El miedo se desliza por mi espalda y me acuerdo del verano en el que Lynda atrapó un ratón en nuestra caravana y lo mirábamos encogido en el fondo de una caja de Corn Flakes. Cuando le pasé el dedo por el lomo, se estremeció, jadeando al triple de velocidad. Me siento tan atrapada e indefensa como aquel ratón, mi destino está en manos de otro, sin excusa que justifique por qué estoy en mitad de la noche debajo de un mueble en unas oficinas cerradas. Con amargo pesar, deseo que Paul no me hubiera despertado aquel lunes, que hubiera sollozado y gemido a solas, que nunca hubiera turbado mi paz interior.

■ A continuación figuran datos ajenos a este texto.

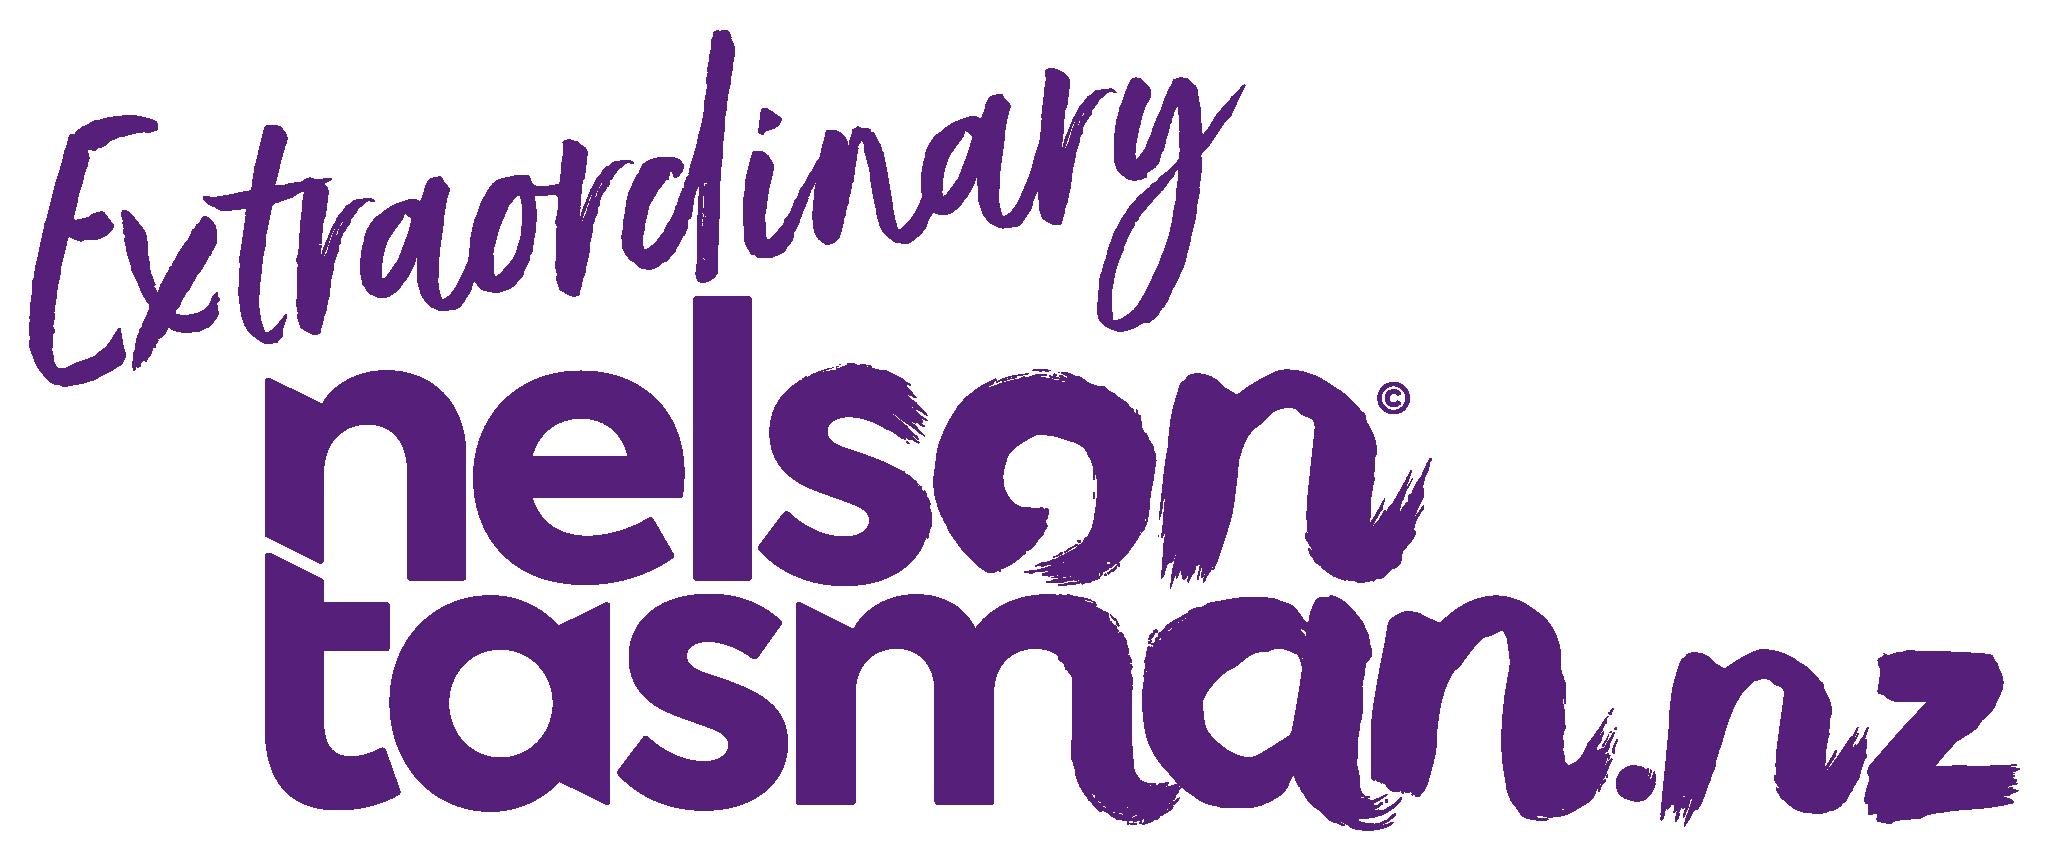 Nelson Tasman extraordinary - nelson tasman boysenberry copy.png

Asomo la cabeza con mucho cuidado cuando oigo el golpear de una silla cerca de la ventana. La figura se dirige hacia una sala de reuniones que queda a mi derecha a lo lejos, de modo que rodeo a gatas el escritorio de John. A unas diez mesas de distancia se puede ver la puerta principal. Cuando nos cansamos de maltratar al ratón, entre grititos de exclamación, Lynda dejó la caja de cereales junto a un árbol y esperamos a que el instinto de la criatura la impulsara a echar a correr para salvar la vida. No lo hizo, el pobre ratón estaba paralizado de terror. La puerta de la sala de reuniones se cierra con un chirrido y veo una silueta oscura alejándose hacia los aseos. Adopto la postura de una velocista sobre sus tacos, el cristal de la puerta principal se destaca ante mí en la penumbra, sé que se abre hacia fuera. Lynda acabó aburriéndose de mirar el rojo y el verde chillones del gallo cacareante de la caja de cereales y, lanzando un grito, le dio una patada a la caja, que salió volando por los aires mientras yo gritaba y salía pitando hacia la caravana. No miré hacia atrás. No quiero ser como aquel ratón, que esperaba su destino sin hacer nada.

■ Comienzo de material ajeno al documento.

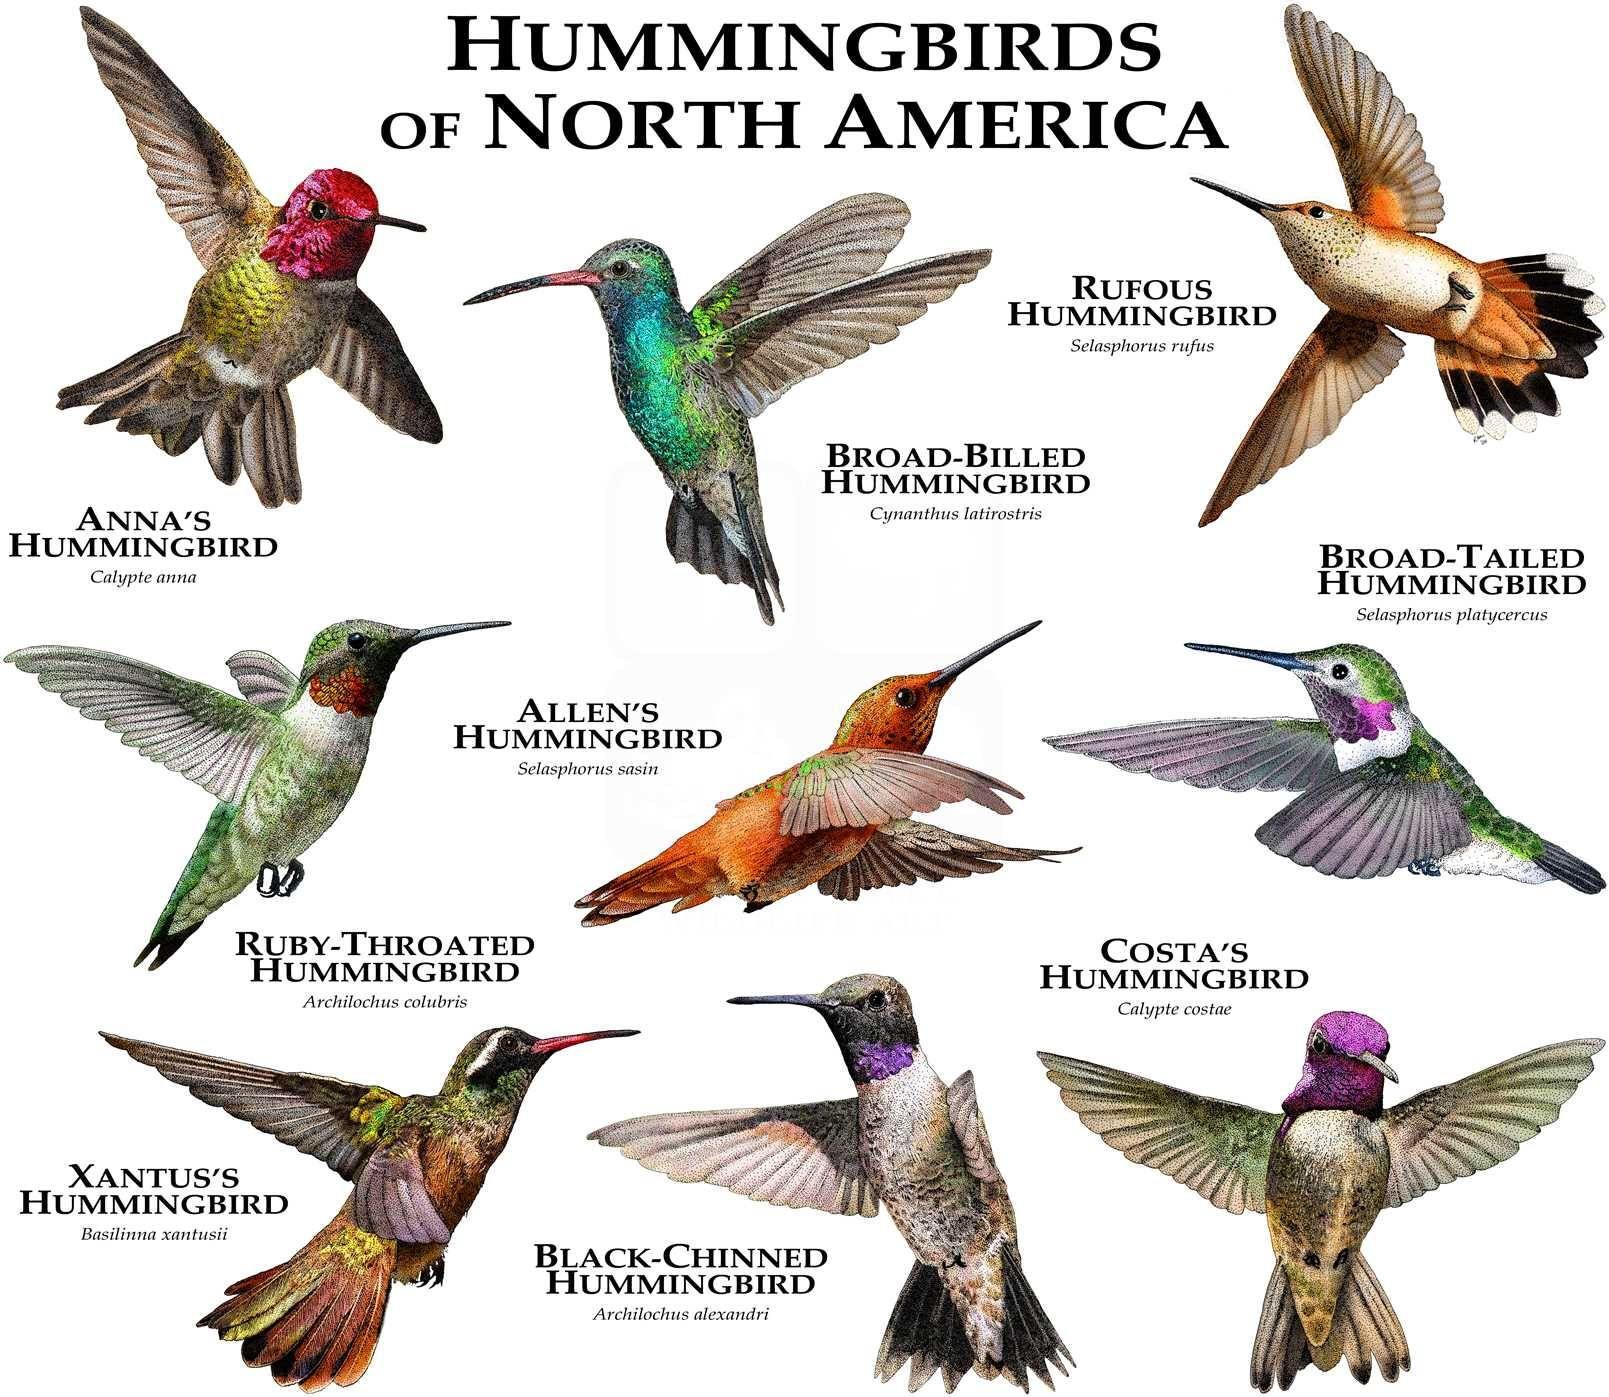 Hummingbirds Of North America Poster Print 美しい鳥 鳥の写真 鳥 かわいい

Llego a la tercera mesa cuando oigo su gruñido de sorpresa y cómo me persigue. Grita, pero solo tengo ojos para la puerta hacia la libertad que se agranda ante mí. La empujo con ambas manos y siento un intenso dolor en las muñecas cuando la inflexible puerta me hace rebotar hasta casi caer al suelo. Me golpeo la mejilla con la madera y me quedo sin aliento cuando la figura cae sobre mí. La puerta no estaba abierta. Mi heroica carrera hacia la libertad ha terminado antes de empezar.

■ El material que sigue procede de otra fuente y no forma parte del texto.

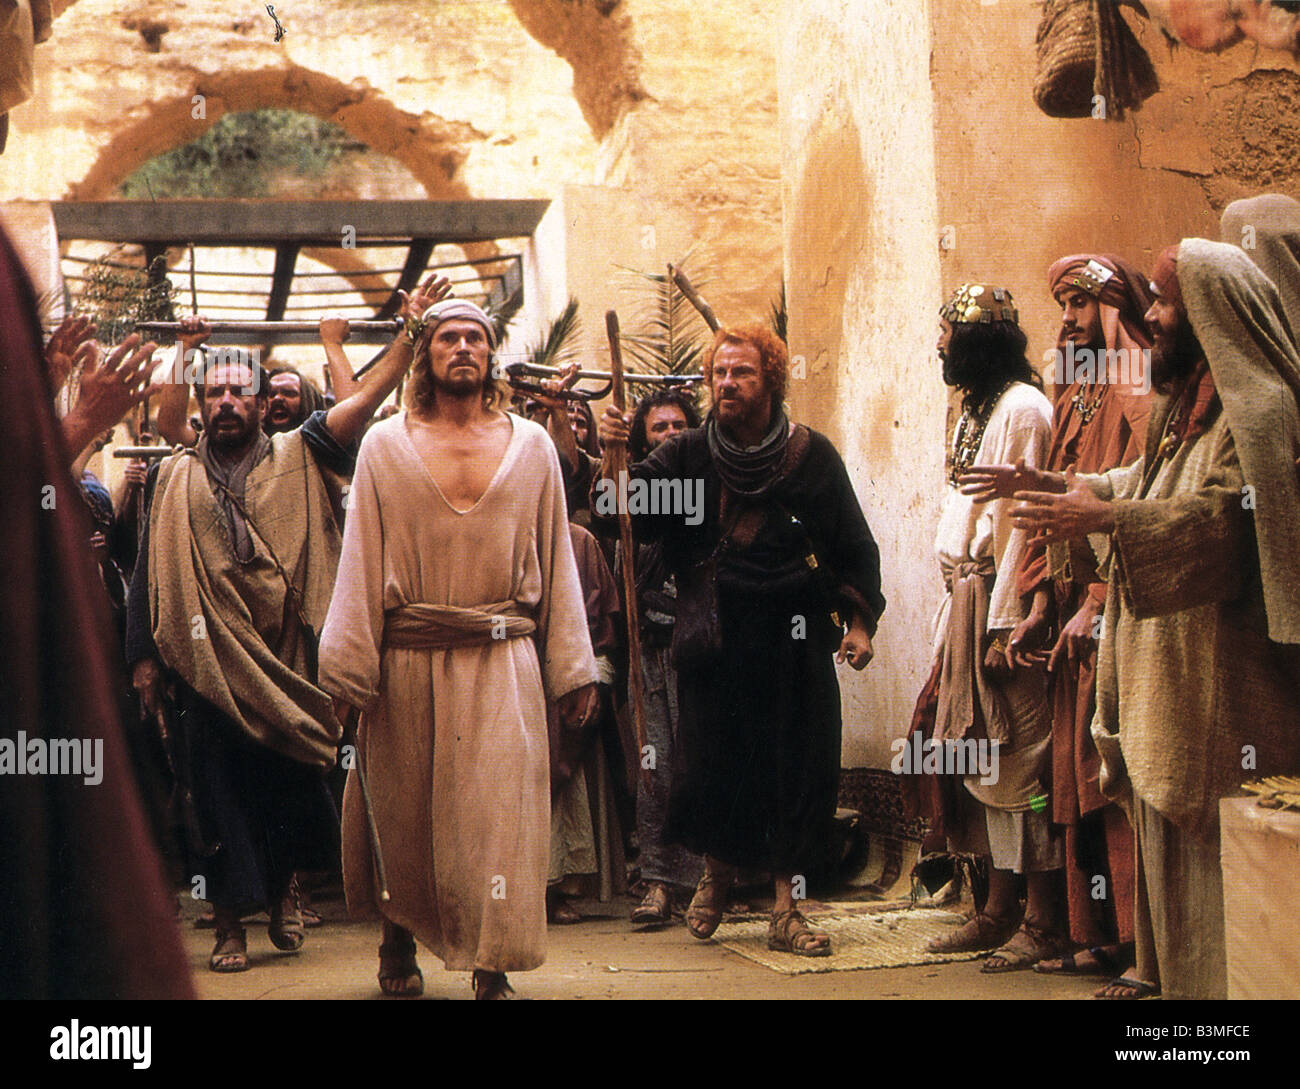 THE LAST TEMPTATION OF CHRIST 1988 Universal Film With Willem Dafoe As Jesus

—¿Estás sola? ¿Estás sola?
Me empuja la cara contra el suelo y me tira de los brazos hacia la espalda. Me duele mucho y protestaría si me quedara aire, pero soy incapaz de atender a las órdenes que me grita, que por otra parte no parecen tener sentido, el crepitar de una radio embarulla sus palabras. Siento el frío metal en las muñecas, tira de mí para darme la vuelta y me apunta con la linterna directamente a los ojos. Todavía no le he visto la cara.
—¡¿Cómo te llamas?!
Un segundo de luz brillante congela la sala por un momento y veo a una mujer de pie detrás del hombre que tengo encima, antes de que vuelva a engullirnos durante otro segundo la misma oscuridad que nos envolvía, y después las luces se encienden del todo.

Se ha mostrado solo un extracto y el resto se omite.